No one party to the conflict may unilaterally revoke the status of a demilitarized zone, unless one of the parties to the conflict fails to respect these conditions or uses the zone for purposes related to the conduct of military operations. In such cases, the other party is released from its obligations under the initial agreement. In such case, the zone loses its status but continues to enjoy the protection provided by the other provisions of humanitarian law.

Safe areas established by the UN Security Council

The above mentioned situations fall under the legal regime of the Geneva Conventions. It is crucial that in these instances agreements are made between the warring parties. In some situations however, countries may establish specially protected areas on the bases of a disputed United Nations Security Council resolution. However, when they impose unilaterally specially protected areas without the consent of all warring factions, these areas will not fall under the scope of the Geneva Conventios.

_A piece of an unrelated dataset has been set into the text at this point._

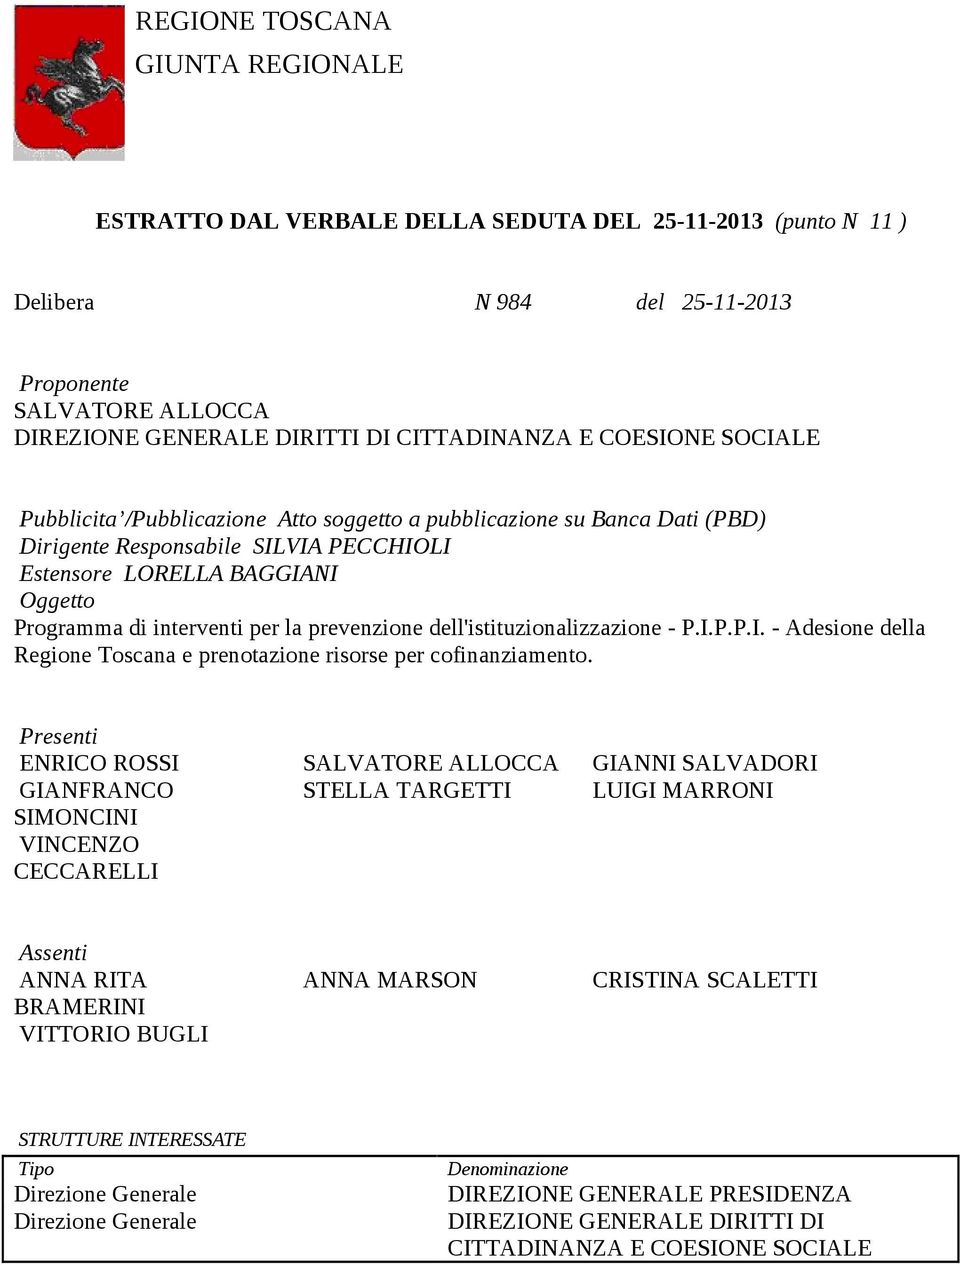 prevenzione dell'istituzionalizzazione - P.I.P.P.I. - Adesione della Regione Toscana e prenotazione risorse per cofinanziamento.

Safe area/Safe Haven. This concept was used by the United Nations in the Republic of Bosnia and Herzegovina. The aim was to prohibit any military activities inside and around these areas and to allow the deployment of UN troops, which was meant to ensure delivery of humanitarian assistance. This system was set up on the basis of Chapter VII of the UN Charter, which makes them mandatory for all States, and were not subject to an ad hoc agreement between the parties to the conflict. Later, and also adopted under its Chapter VII mandate, the Security Council authorized the UN troops to use force to “deter attacks against the safe areas.”

This system and the military means failed to make the parties to the conflict respect the safe areas. The UN troops whose mission it was to protect the safe haven Srebrenica did not resort to force to protect the civilians, as their mandate authorized. Some 8000 Bosniaks were murdered.

Secure humanitarian areas. This concept was used by the United Nations in Rwanda. It allowed UN troops to establish, maintain these secure humanitarian areas. The troops were also mandated to use force to protect the populations at risk, UN and other humanitarian personnel, or the means of delivery and distribution of humanitarian relief. Yet, the only “secure humanitarian area” that was created in Rwanda was established by the French army, backed by the UN Security Council. The authority of a foreign State to create this zone was based on a UN resolution under Chapter VII of the UN Charter in order to contribute to “the security and protection of displaced persons, refugees and civilians at risk”. The French, Senegalese, and Mauritians who participated in this operation were authorized to use force to protect this zone.

However, the French army withdrew and was replaced by UN troops under a different mandate. The population that was still gathered in this area was subject to attacks and killings by the Rwandan army. Six thousand to eight thousand disappeared. Once again, the responsibilities of the UN force were not specific enough with regard to the protection of the population to prevent these massacres.